Here's the Stumpjumper 29er frameset...

http://www.specialized.com/bc/SBCBkModel.jsp?spid=39217&eid=99


----------



## ncj01 (Jan 13, 2004)

Someone say sliding dropout?










on this baaaaaaad girl...


----------



## Tallsilver1 (Oct 18, 2005)

Gunnar Ruffian


----------



## ruppster (Apr 30, 2008)

I have a Kona Explosif 29 with sliding DO's. I really like the bike, but I have managed to tweak the rear triangle. Anyone else have this issue?


----------



## ShadowsCast (Mar 23, 2008)

ruppster said:


> I have a Kona Explosif 29 with sliding DO's. I really like the bike, but I have managed to tweak the rear triangle. Anyone else have this issue?


What exactly happened to your rear triangle?


----------



## blue78 (Jul 7, 2008)

2007 26" Redline Monocog Flight sliders:


----------



## markf (Jan 17, 2007)

Nater said:


> They don't sell any out-of-the-box SS mountain bikes. The Rockhopper and Stumpjumper 29 models have sliding dropouts for easy conversion to SS, should the buyer wish to do that.
> 
> Here's the Stumpjumper 29er frameset...
> 
> http://www.specialized.com/bc/SBCBkModel.jsp?spid=39217&eid=99


Just got an email today (the shop email anyway) from our Specialized rep and he informed us that they are making a factory SS rockhopper 29 that'll be limited edition/availability and should be available in march. MSRP will be right around $1000. no other detail but he did include a pic that i of course don't have. It looks similar to their $1300 rockhopper 29 but in brown and SS. ask your local shop about it


----------



## ruppster (Apr 30, 2008)

ShadowsCast said:


> What exactly happened to your rear triangle?

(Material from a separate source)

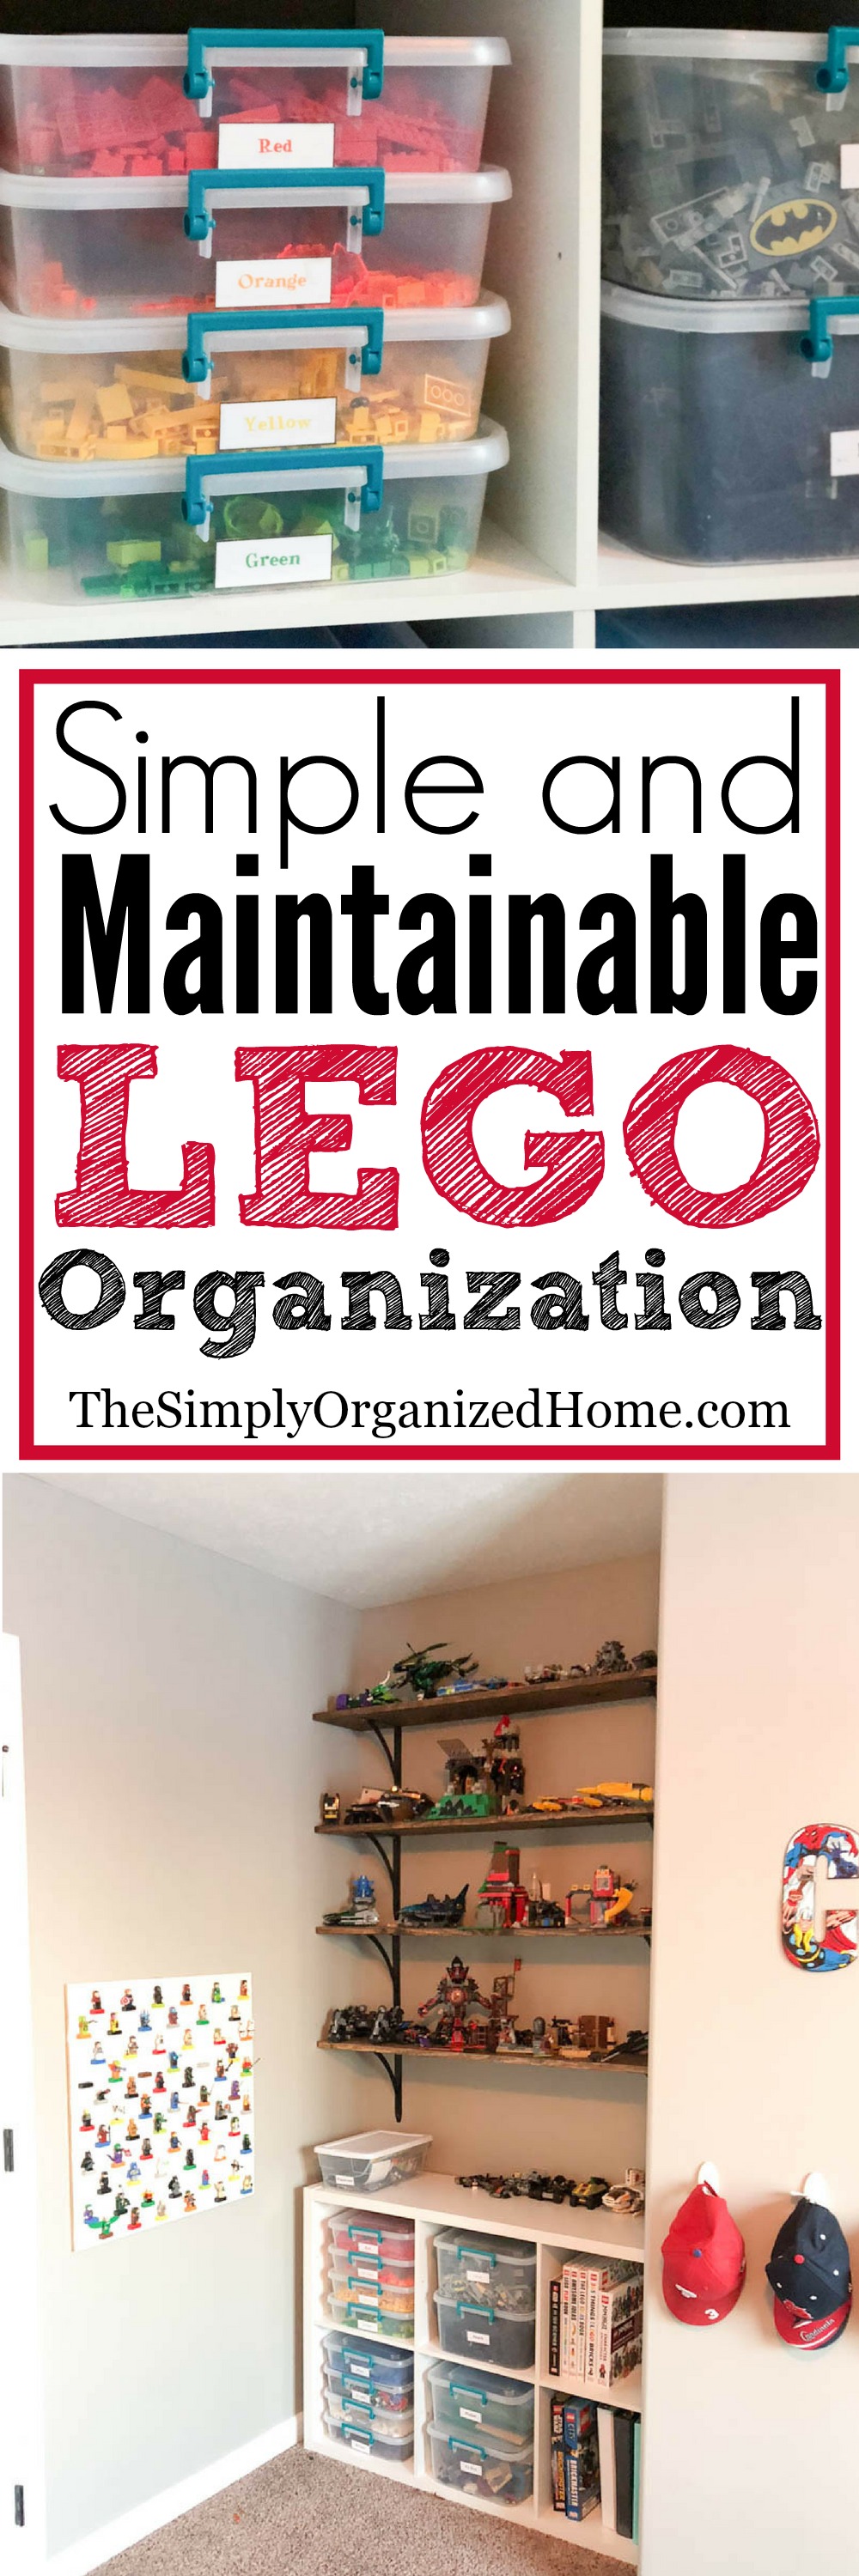 Lego Storage Tips For Older Kids - Organized-ish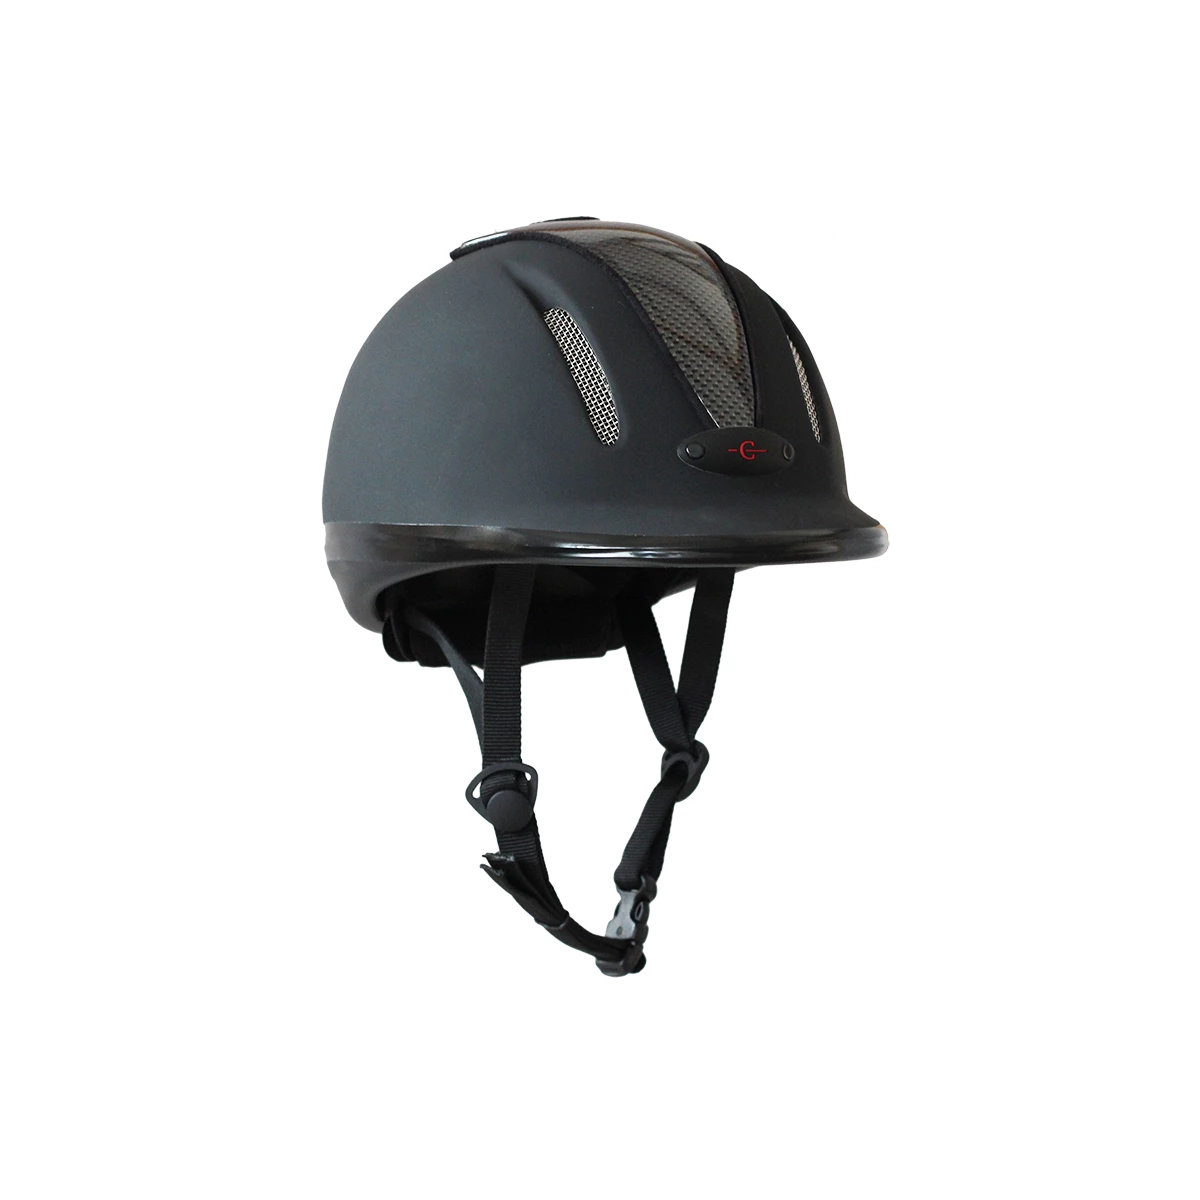 Riding helmet "Carbonic", anthracite

The rear triangle is shifted to the drive side about 1/8-1/4". It is easy to see from behind, the bike tracks funny and the wheel won't center up btween the seatstays and the chainstays at the same time. It has been banged around a bit and raced hard, but no drops or anything. When I take the rear wheel off the rear of the bike seems very flexy, I think it is due to the "strap" used to connect the chainstays to the seat tube. The frame is not cracked (or the paint broken) anywhere, so I'll just straighten the frame with a 2x4 and a piece of string. Sheldon Brown I was just wondering if anyone else has had this problem or if it is just a fluke.


----------